Task directions: Please reproduce the lines from the one containing "Tableau des caractéristiques" through the end of the data below exactly as they stand, and omit all pictures.

Data shown:
+ + + + +
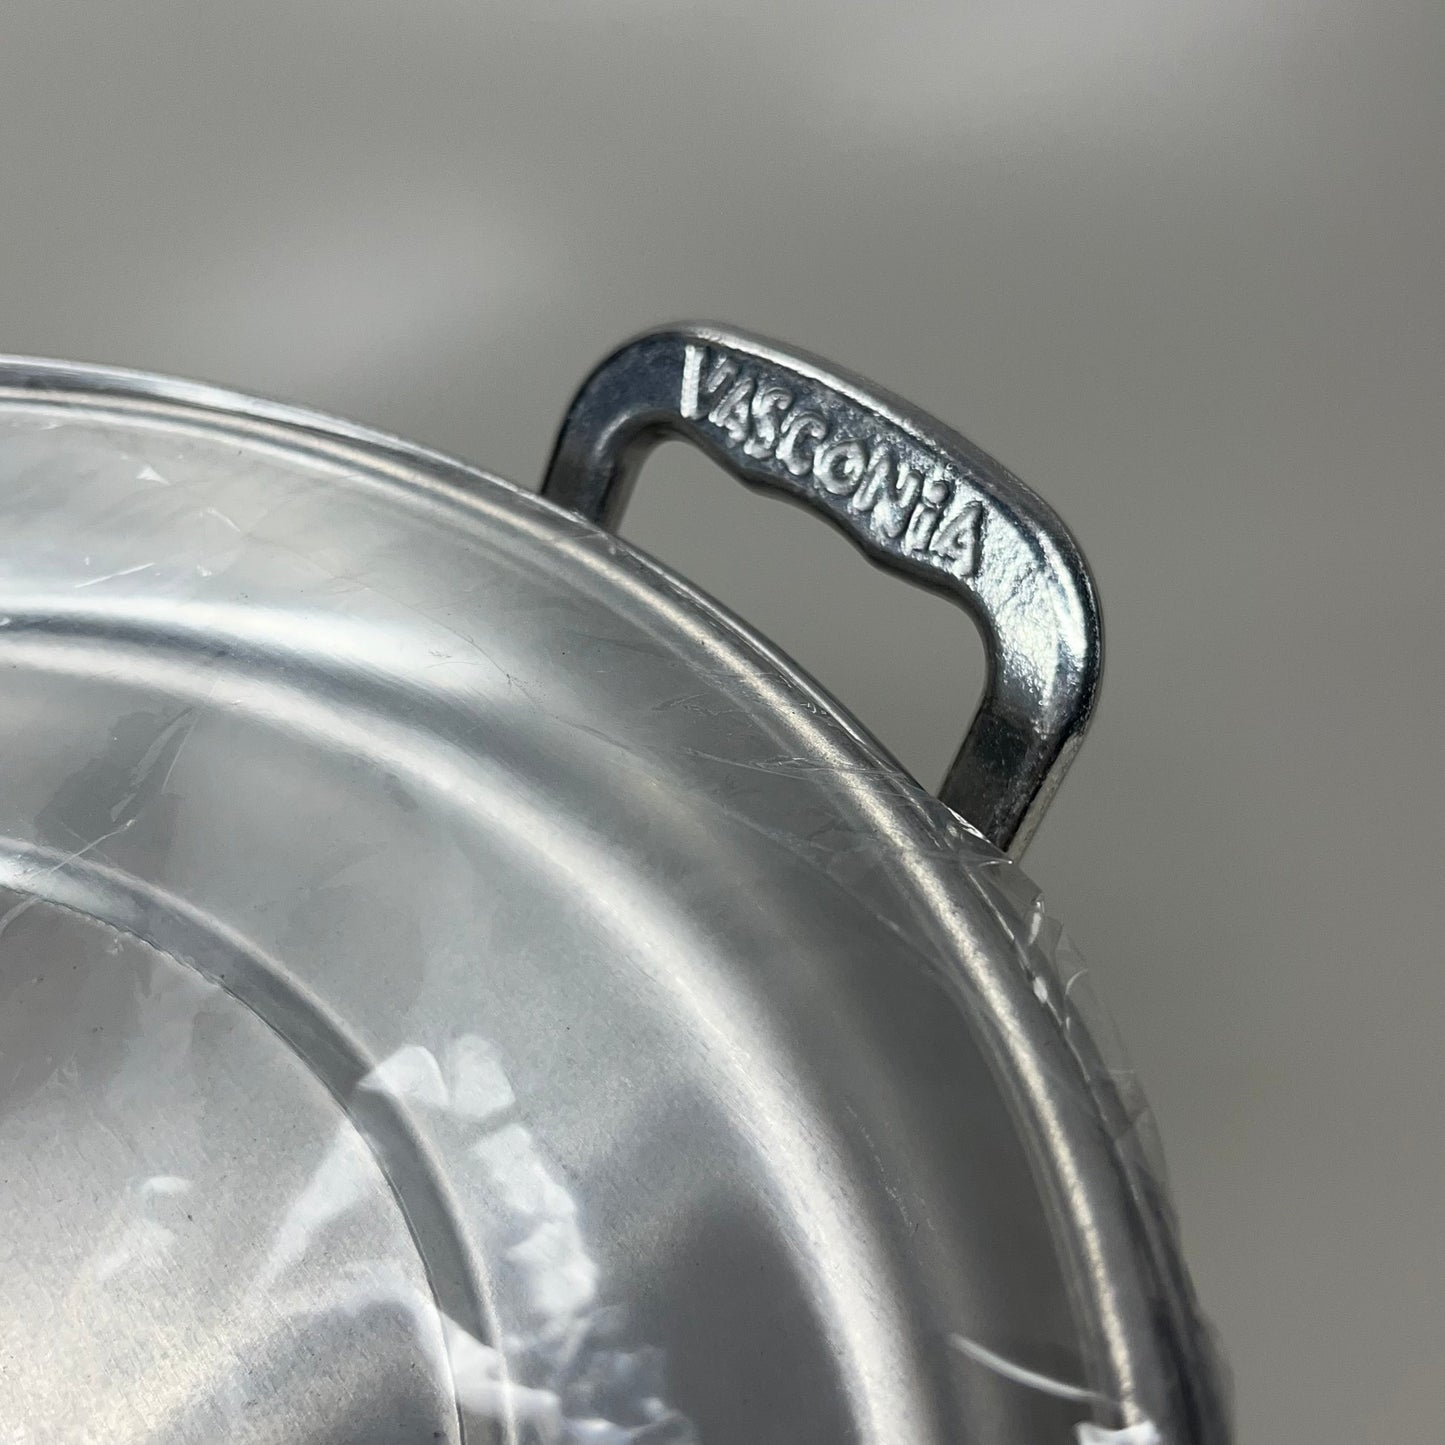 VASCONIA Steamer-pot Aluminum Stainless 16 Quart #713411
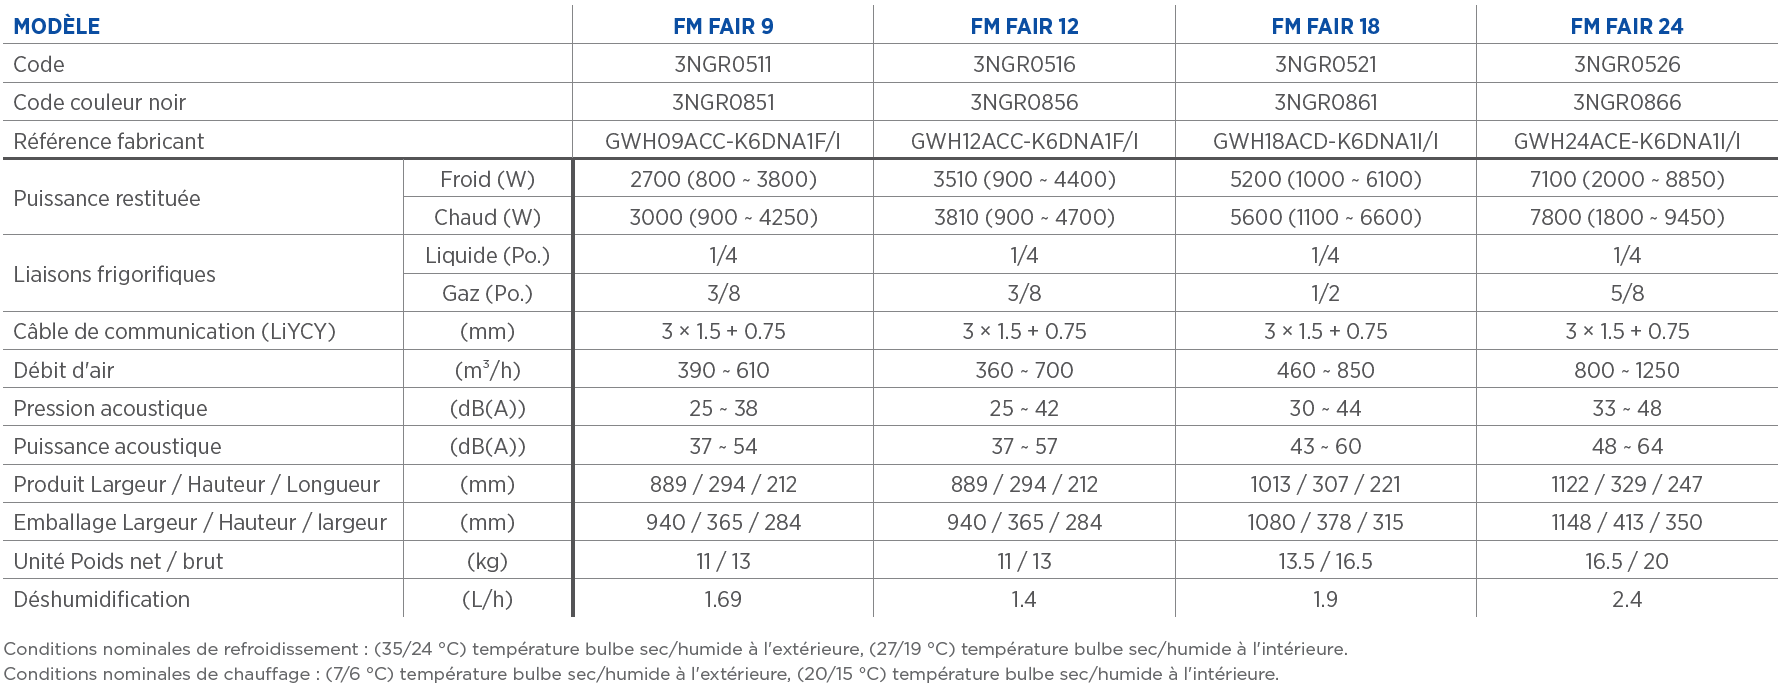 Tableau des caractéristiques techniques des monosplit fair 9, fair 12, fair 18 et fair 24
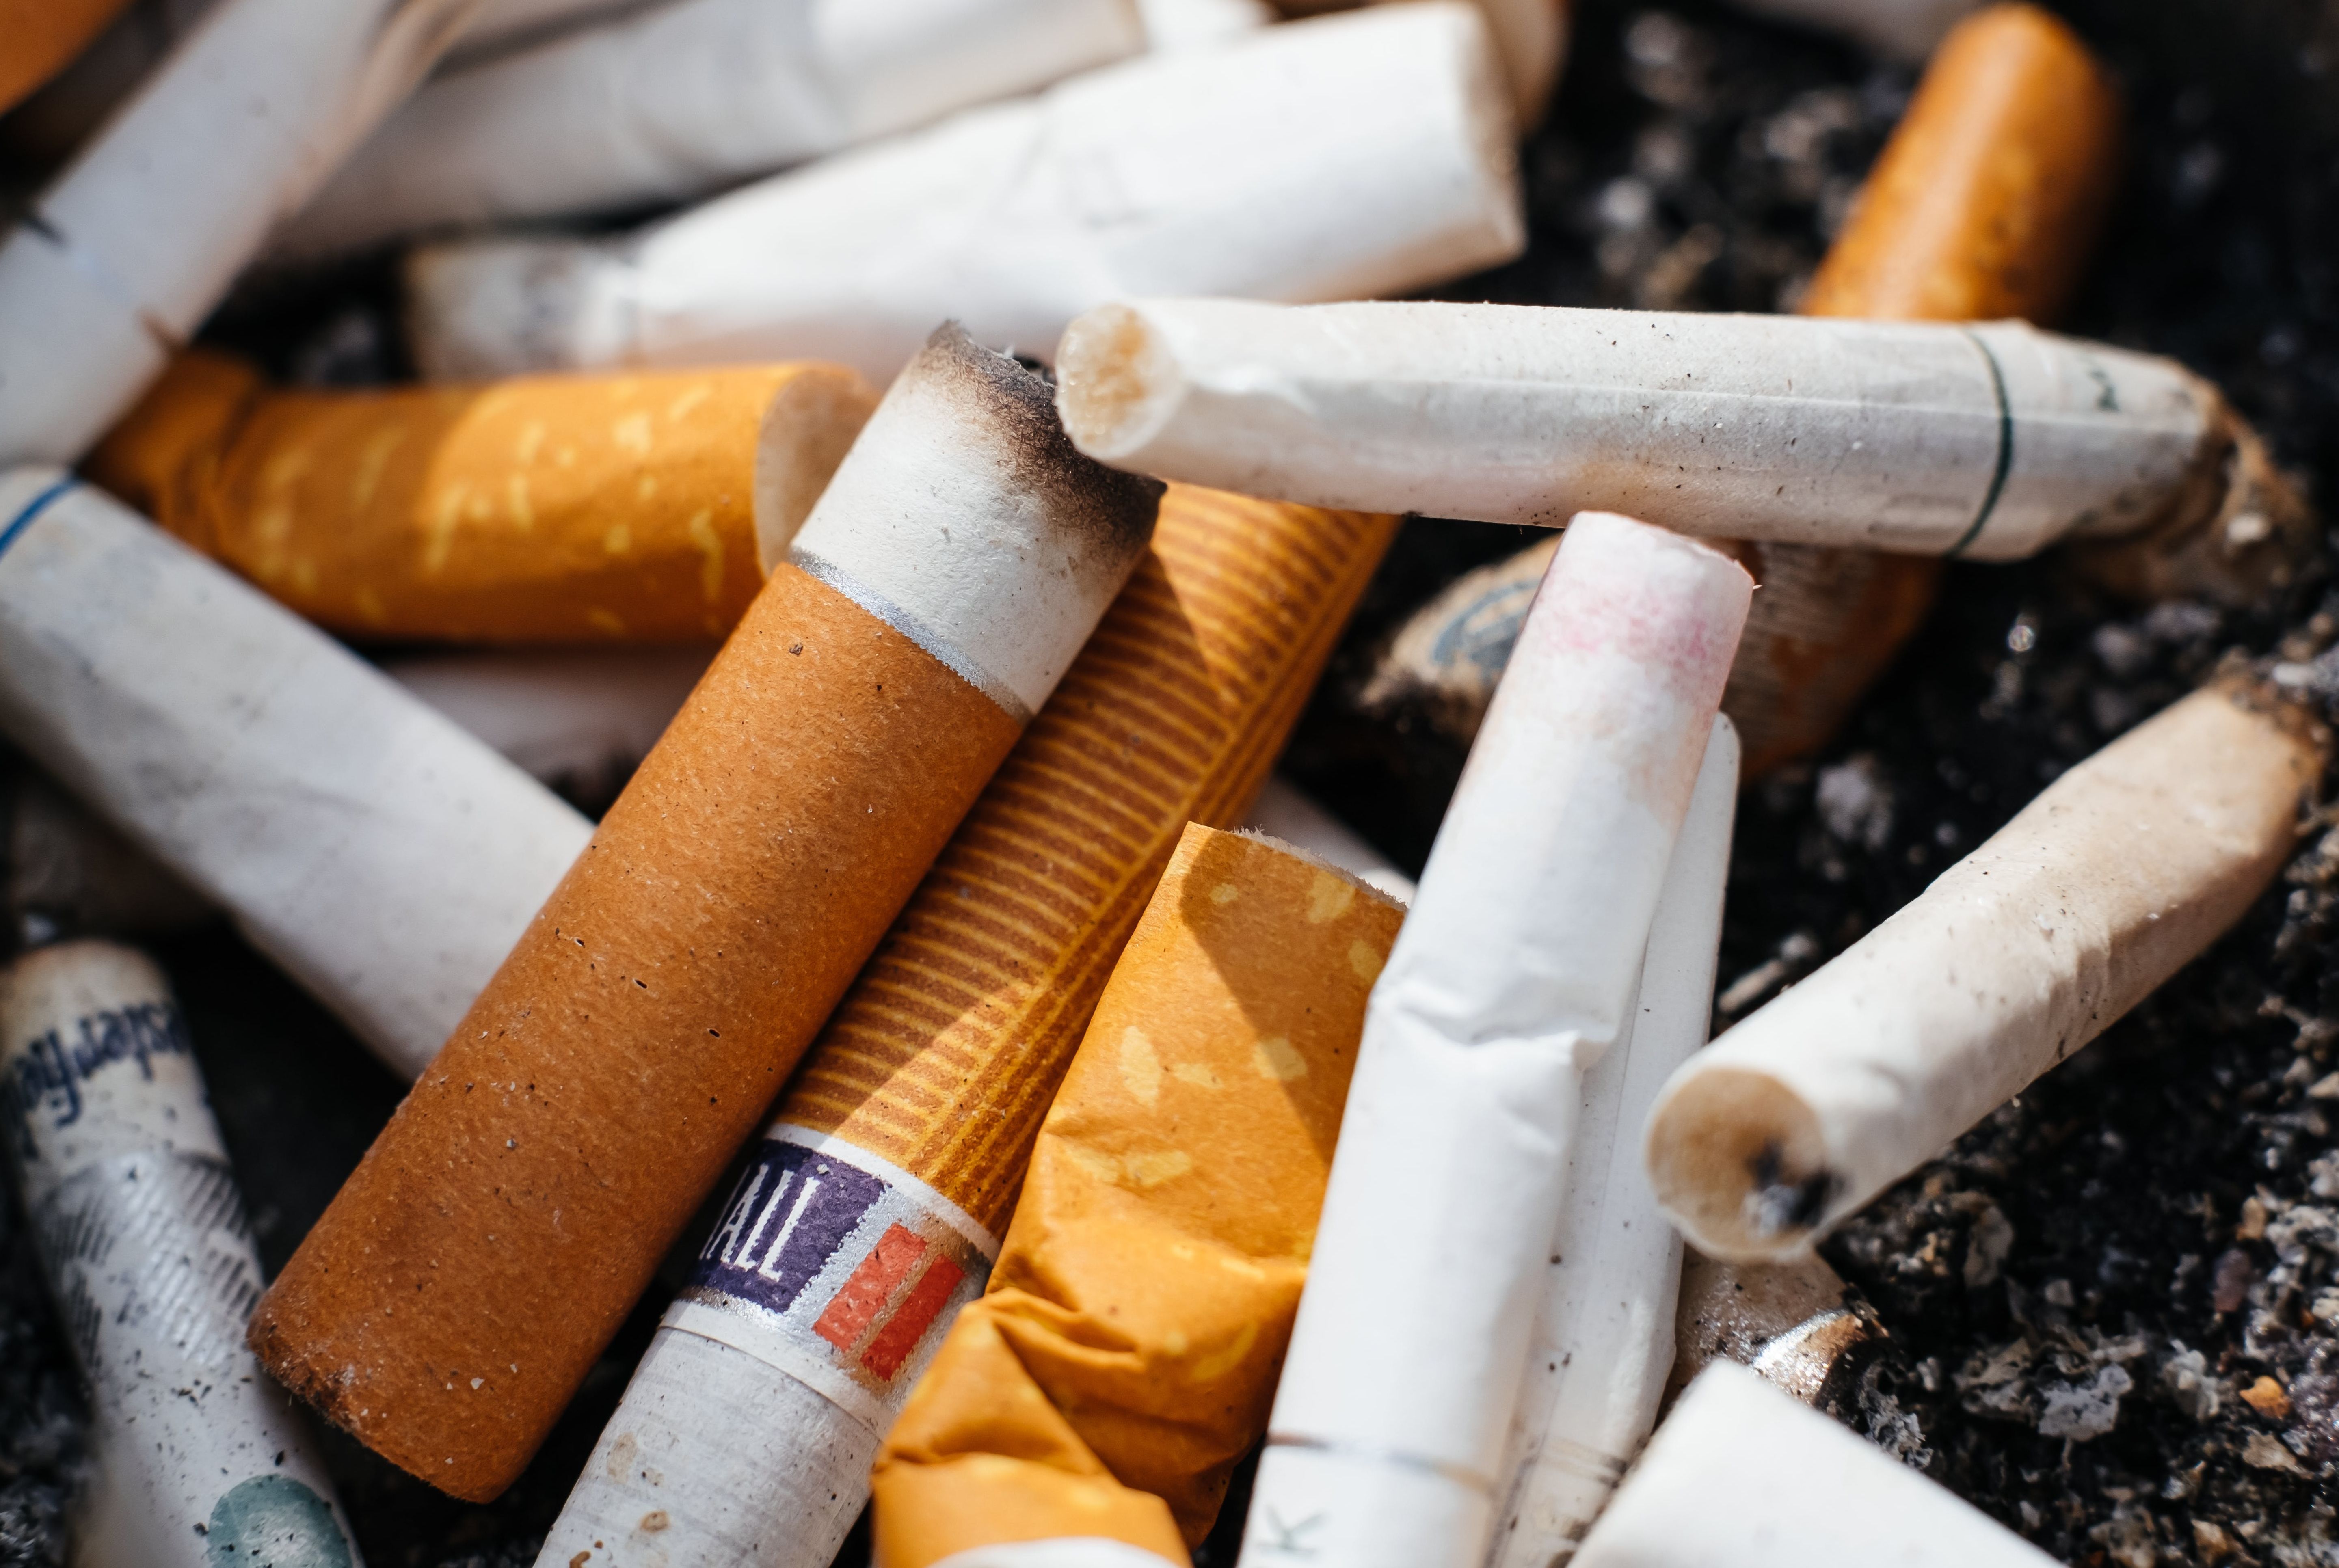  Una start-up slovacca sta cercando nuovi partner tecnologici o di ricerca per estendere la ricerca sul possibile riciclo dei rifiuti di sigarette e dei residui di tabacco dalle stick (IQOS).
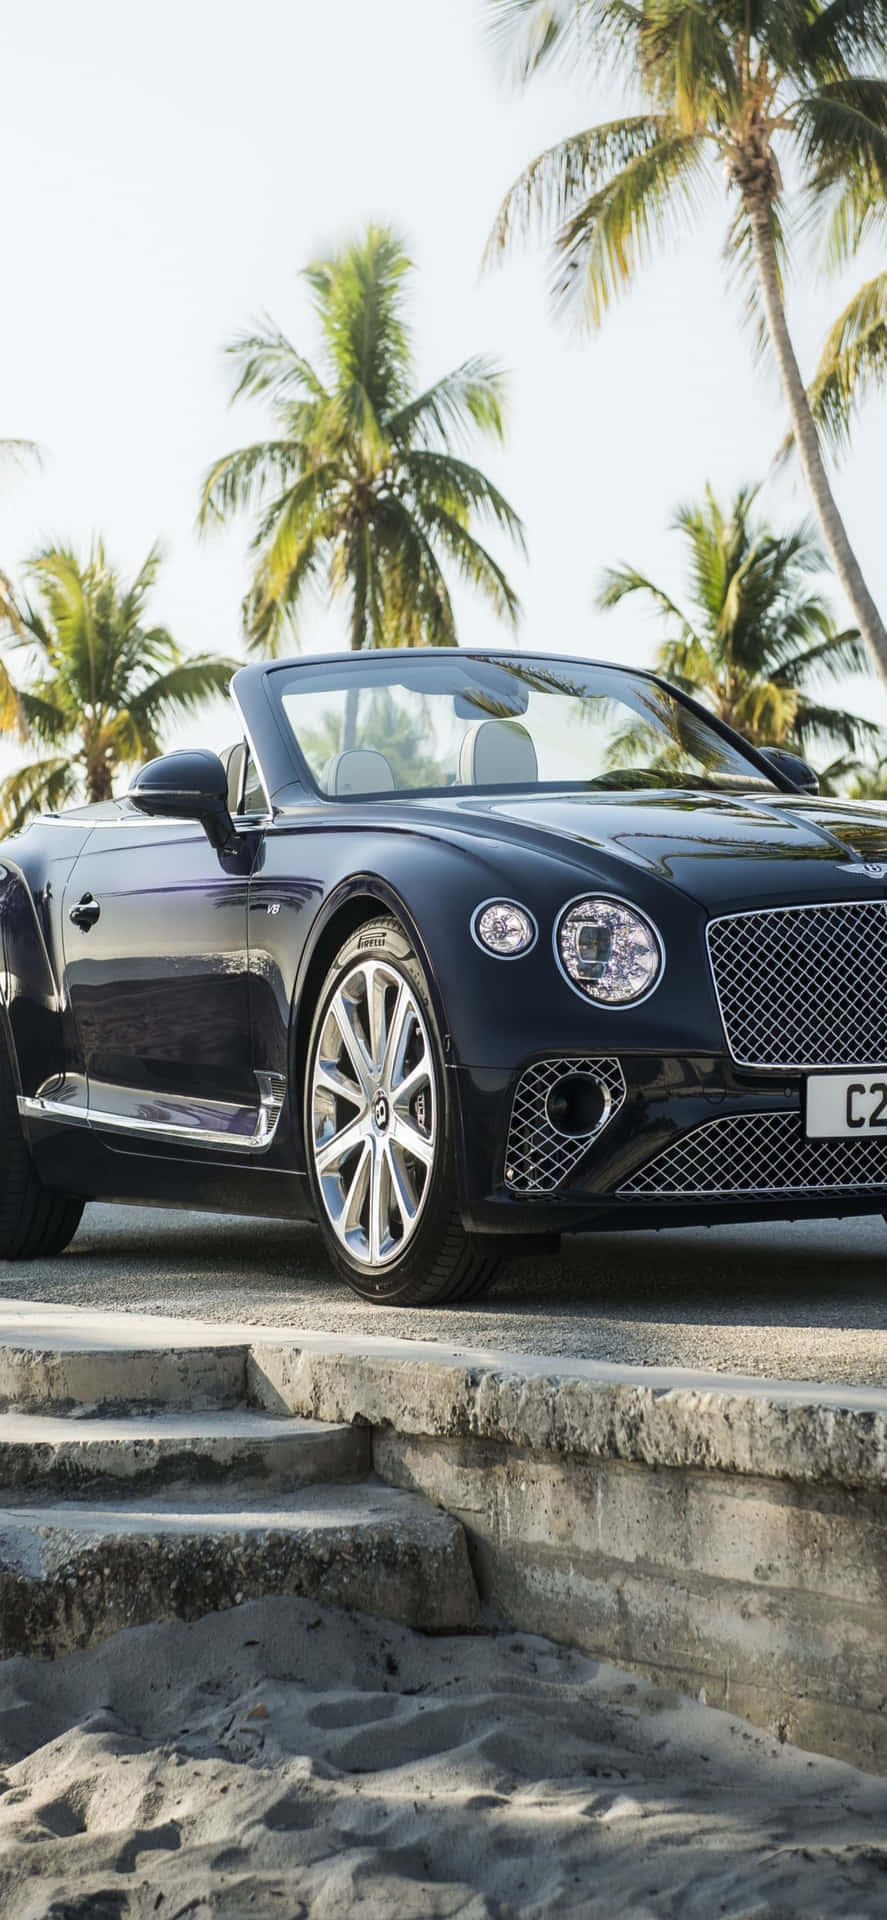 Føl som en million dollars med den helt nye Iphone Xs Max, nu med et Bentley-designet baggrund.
+ + + + +
Solution to the problem:
 Tableau des caractéristiques techniques des monosplit fair 9, fair 12, fair 18 et fair 24
  Una start-up slovacca sta cercando nuovi partner tecnologici o di ricerca per estendere la ricerca sul possibile riciclo dei rifiuti di sigarette e dei residui di tabacco dalle stick (IQOS).
 Føl som en million dollars med den helt nye Iphone Xs Max, nu med et Bentley-designet baggrund.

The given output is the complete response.